Understanding World Religions -Review

In Understanding World Religions in 15 Minutes a Day, cross-cultural expert and professor Garry Morgan explains the key beliefs, histories, and practices of more than twenty religions, including the familiar–Christianity, Judaism, Mormonism–and some of the lesser known–Baha’i, Sikhism, and New Age religions. Broken into forty short readings, each chapter is engaging and easy to understand. In just minutes a day you’ll soon have a better understanding of the world’s beliefs.

** I was able to read this book for free from Bethany House Publishers in exchange for a review**

 

When I saw that this book was one I could read and review I was kinda excited. I wanted a book like this; one I could research other religions in bite size pieces and come away with some knowledge. I was pleased yet a little disappointed with this book.

This book has very short chapters -roughly 4 pages each topic. So if you wanted to get a rough idea of a certain religion you could do so. In some cases I wanted to learn more and this created the perfect diving board to get  started. I learned a few tidbits that I didn’t know before:

  • Ch. 3  “All other religious systems believe the main responsibility for solving life’s problems rest upon people. Christianity reveals and demonstrates that we cannot set things right by our own efforts”
  • Ch. 9  “Native peoples highly value living in balance with the natural environment.”
  • Ch. 13 “One universal human problem all religions seek to handle is the presence of both good and evil in the world. Dualism is the philosopgical term for this perpetual struggle and religion wrestle with it in so many ways.”
  • Ch. 14 “Islam is an Arabic word meaning “submission” and the religion’s central theme is submission to the will of God.”
  • Ch. 28 “Lamas meaning “superior ones””

These are some of sentences that made this book worth while.

However, there were some issues that I had. Religion is so broad, and it’s hard to narrow it down to a few. Then try to cram those few religions into a few paragraphs.

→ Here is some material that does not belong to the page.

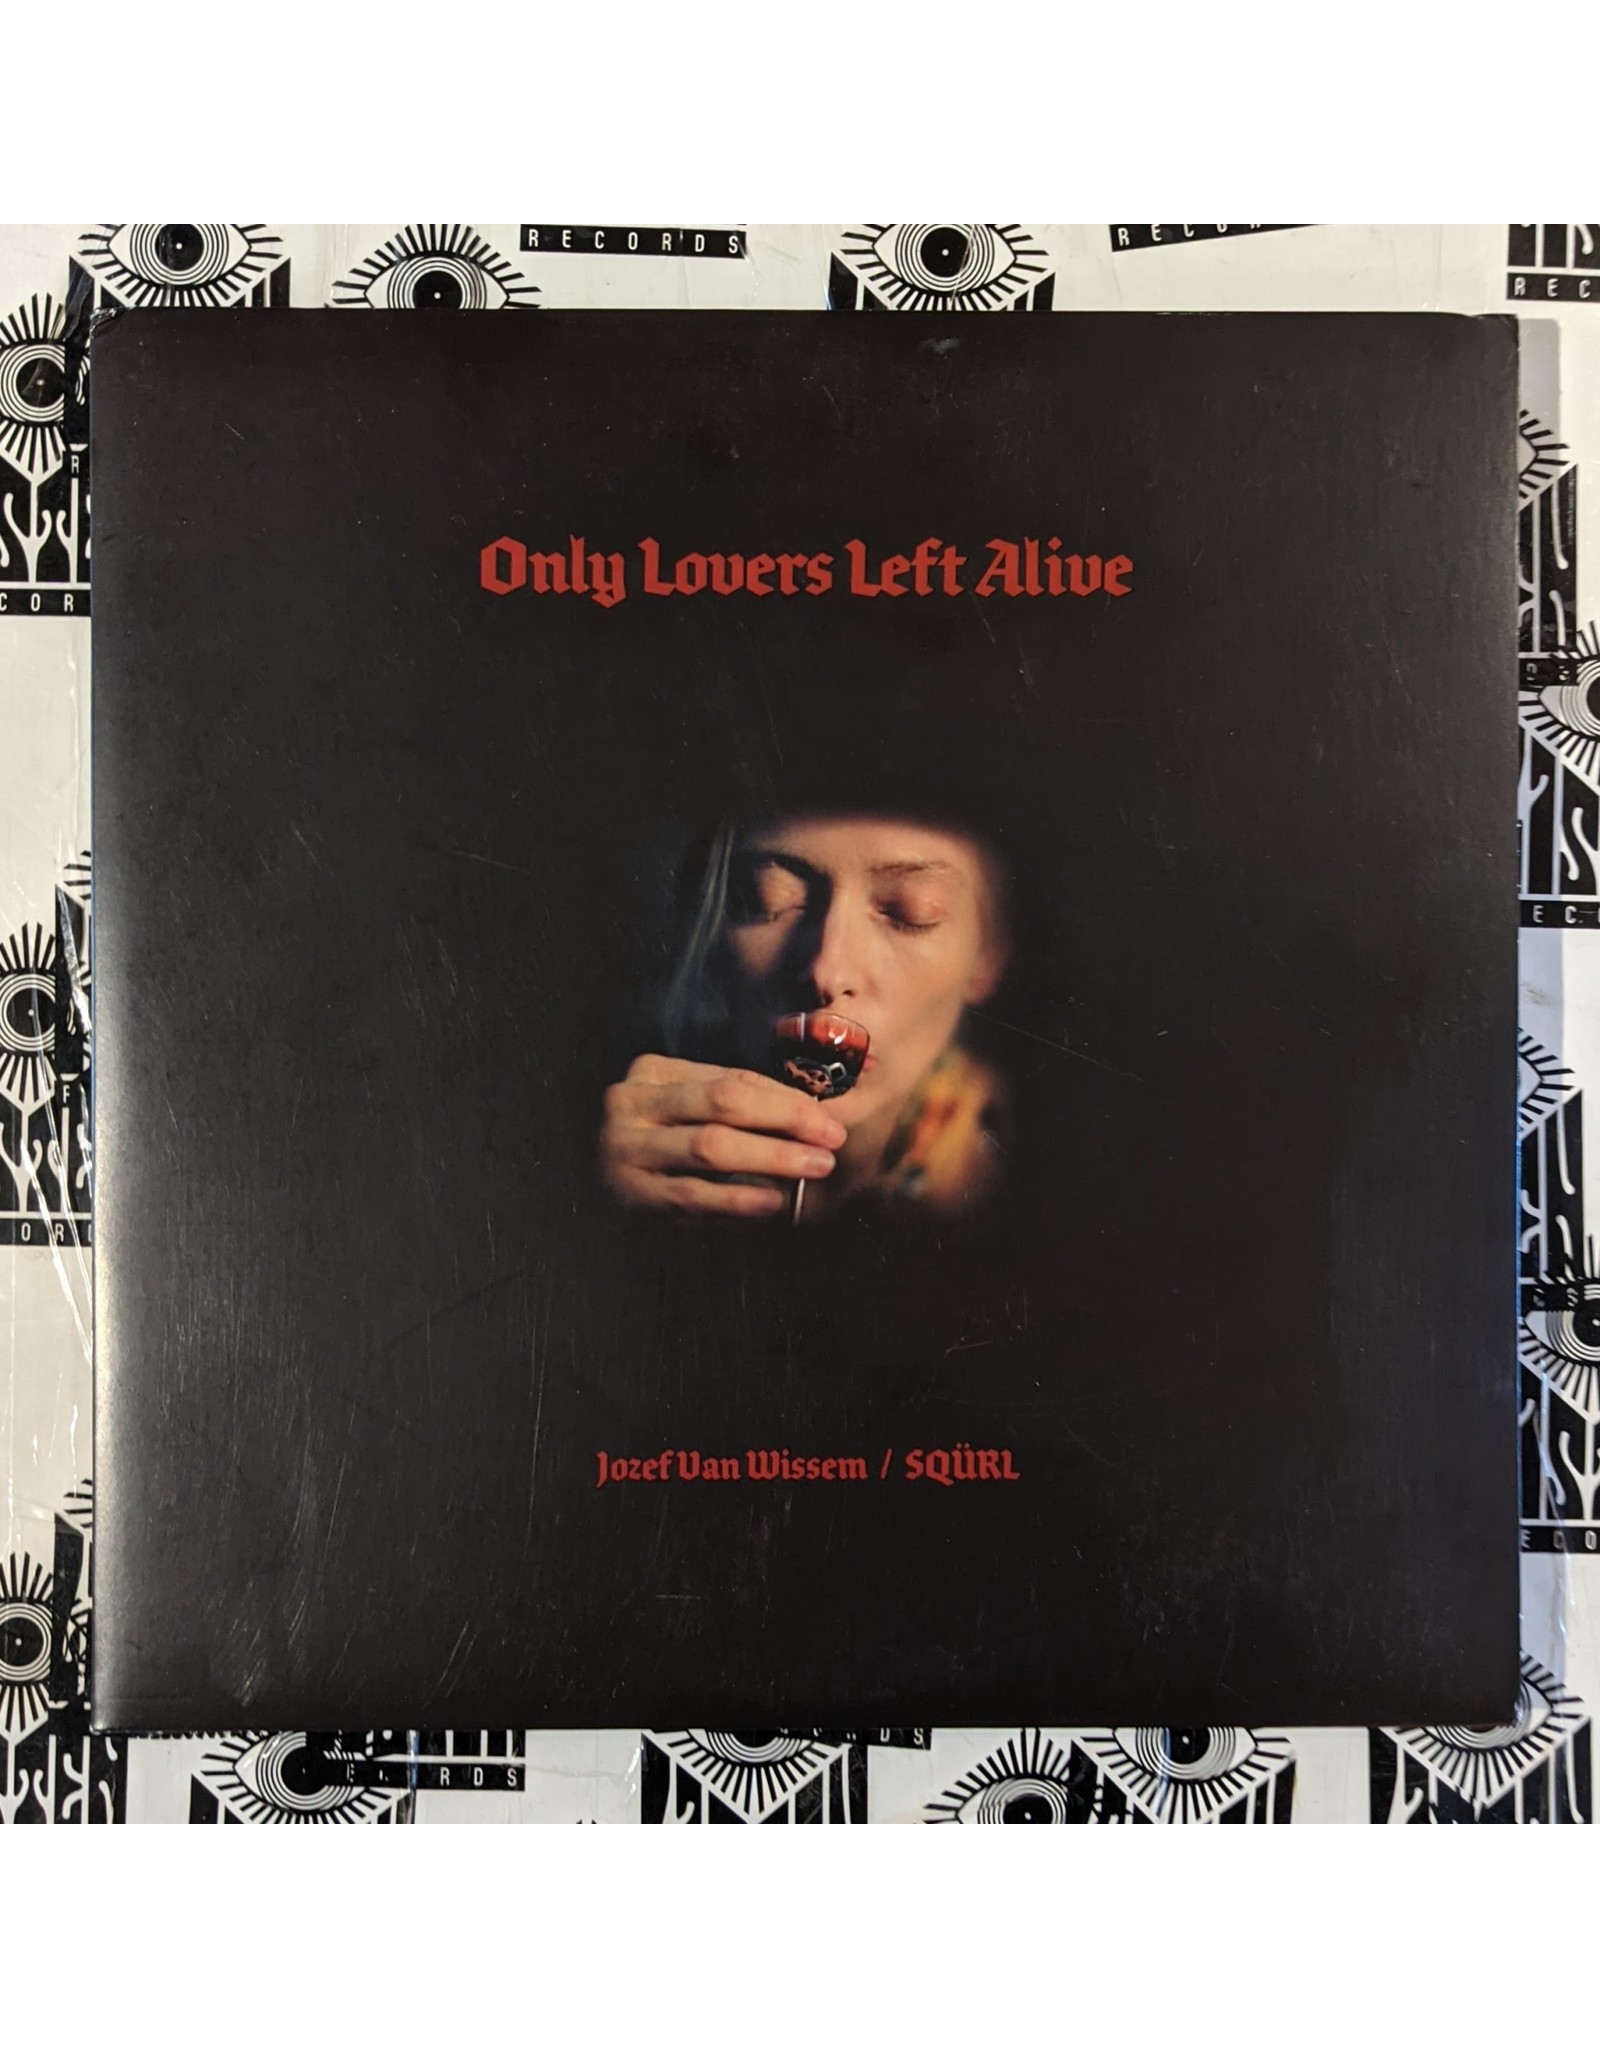 USED: Jozef Van Wissem/SQURL: Only Lovers Left Alive OST LP

The Author, it seems, had a hard time doing this too. One whole chapter -Shinto- was not very descriptive. I read that chapter and didn’t have a clue what it was. The author talked about how it is Japan’s national religion then went on to talk about China’s religions. It was mostly a chapter about the history not the religion itself.

Also, the Author devoted several chapters to certain religions like Christianity, Islam, and Buddhism. As I said because of how vast each religion is instead of giving a complete description on each one, he wrote maybe a paragraph or two on what it was. Then went on and wrote more of the chapter or chapters on the founder, history, and geology of the religion. Which isn’t bad because that is always useful but I wanted to know about the religion and how it works and how they worship.

One last problem I had with this book was the underlying Christian tone. Instead of being a completely biased religion book. I felt it was entirely too Christian. Sometimes it would be a simple comparing of the two religions or sometimes it would be “well we know the Bible says” type tone set in there. That really put me off. It’s not that I don’t appreciate what the Author is trying to remind me but I came reading this book to find out what a particular religion believes not how it compares to Christianity.

All in all ,even with my complaints, this is a useful book to have. Especially if you are doing some research into a particular religion.